** Opening COLLECTED MATERIAL block **

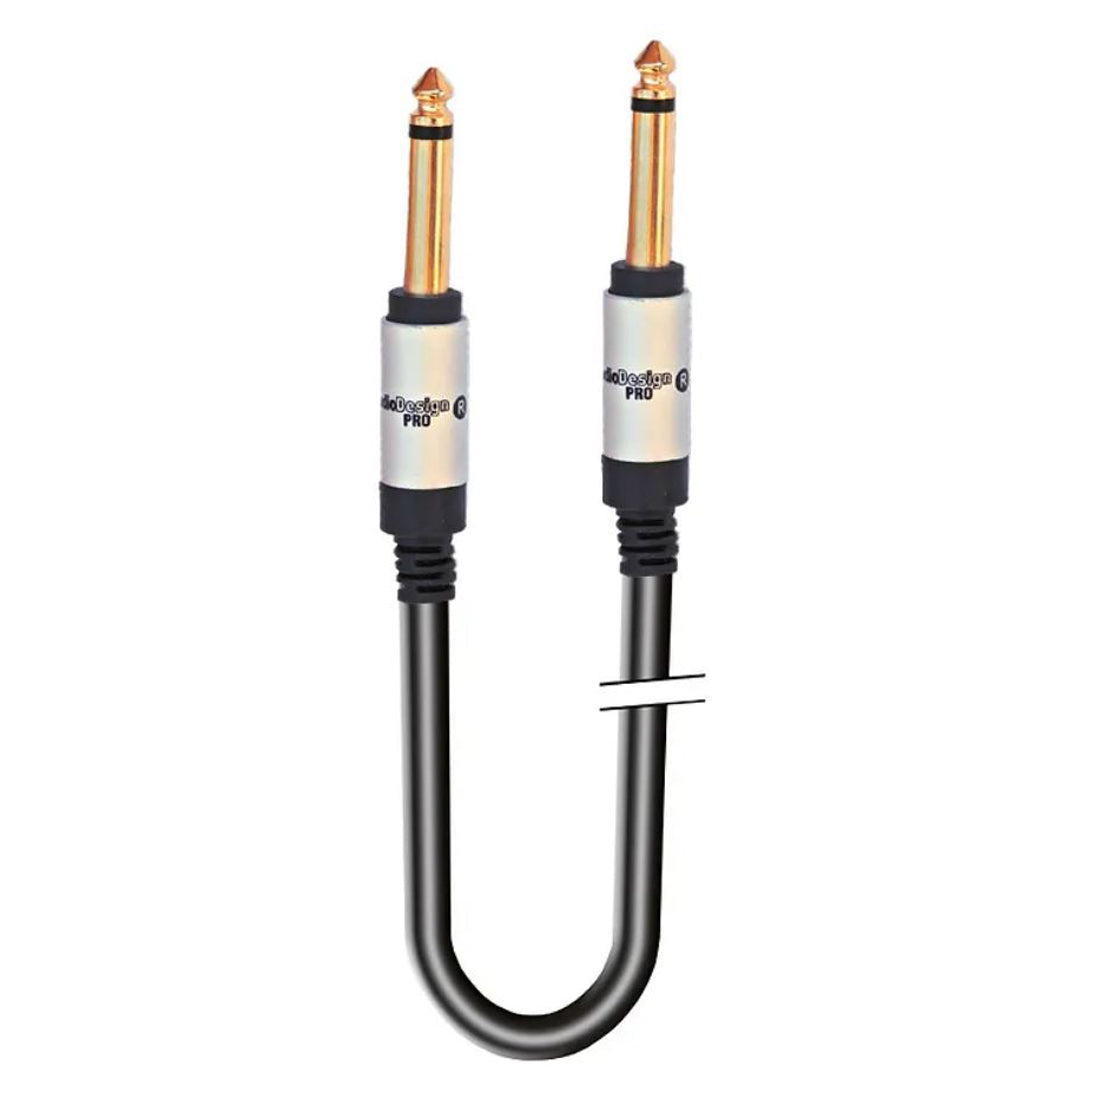 AudioDesign Pro Professional cable from Jack 6.3 Mono to Jack 6.3 Mono, length 3 m
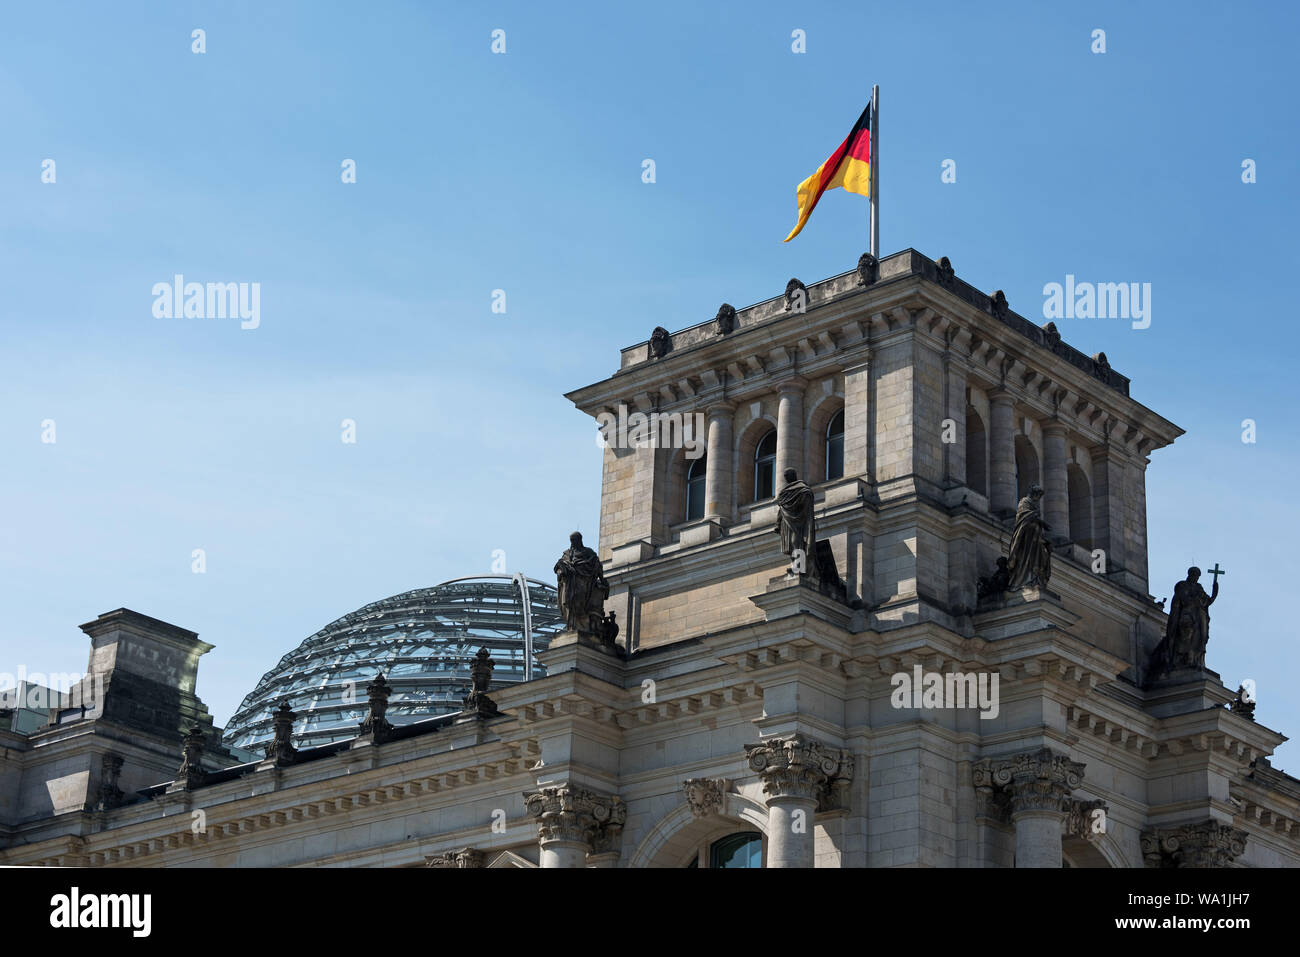 View of the Reichstag and dome from the Spree River, Berlin, Germany Stock Photo
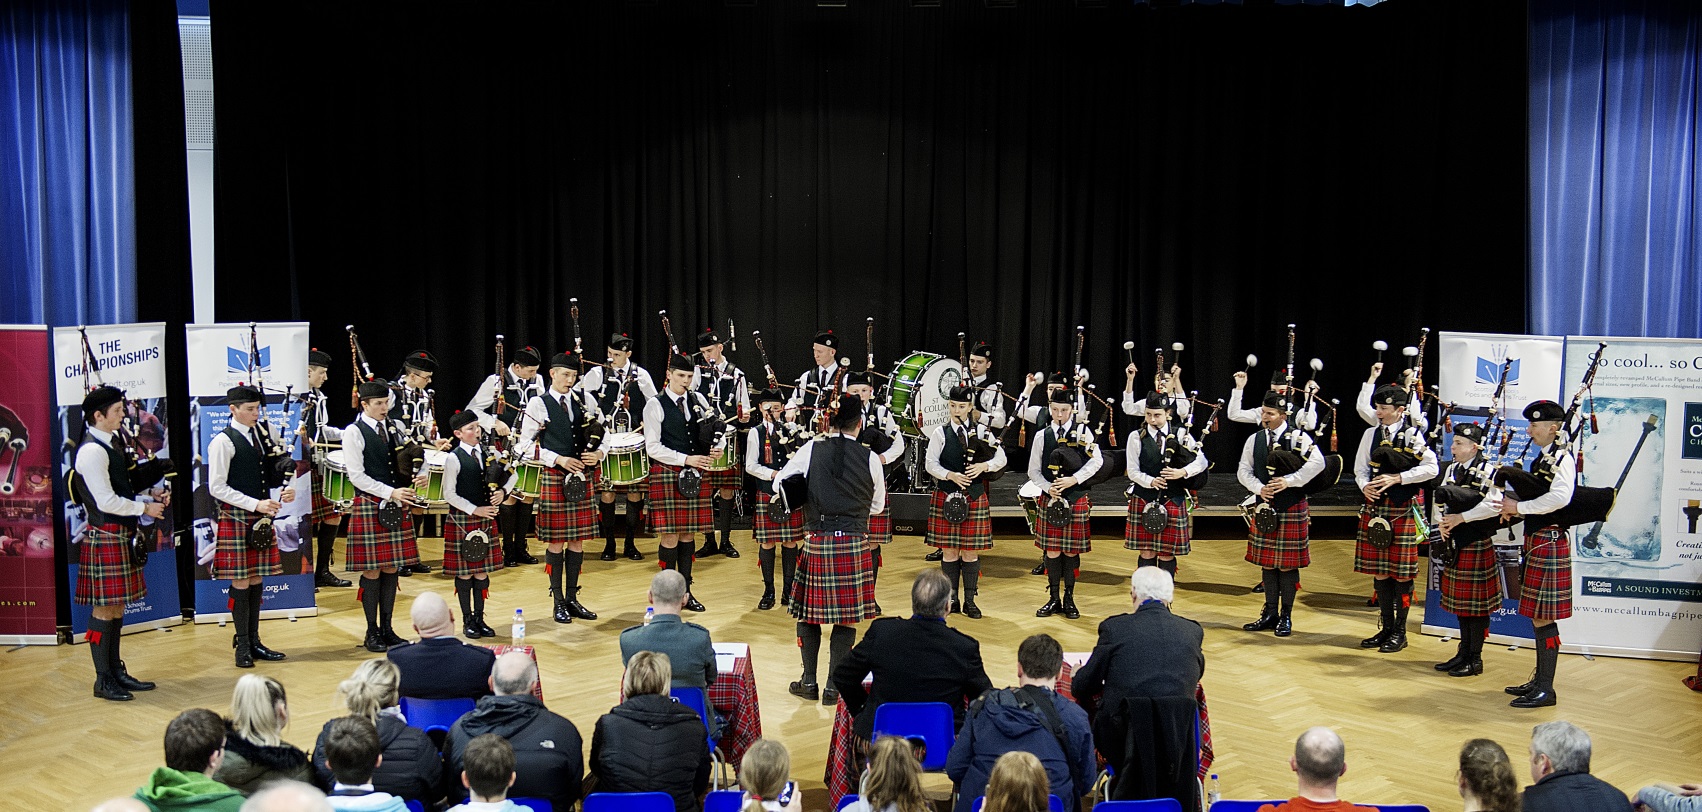 St Columba's Competes at Scottish Schools' Pipe Band Championships

** Closing COLLECTED MATERIAL block **

Leaving out all pictures, repeat word for word the lines from the one containing "View of the" through the final line of the material above.

--- OUTPUT OF THE TASK ---
 View of the Reichstag and dome from the Spree River, Berlin, Germany Stock Photo
 St Columba's Competes at Scottish Schools' Pipe Band Championships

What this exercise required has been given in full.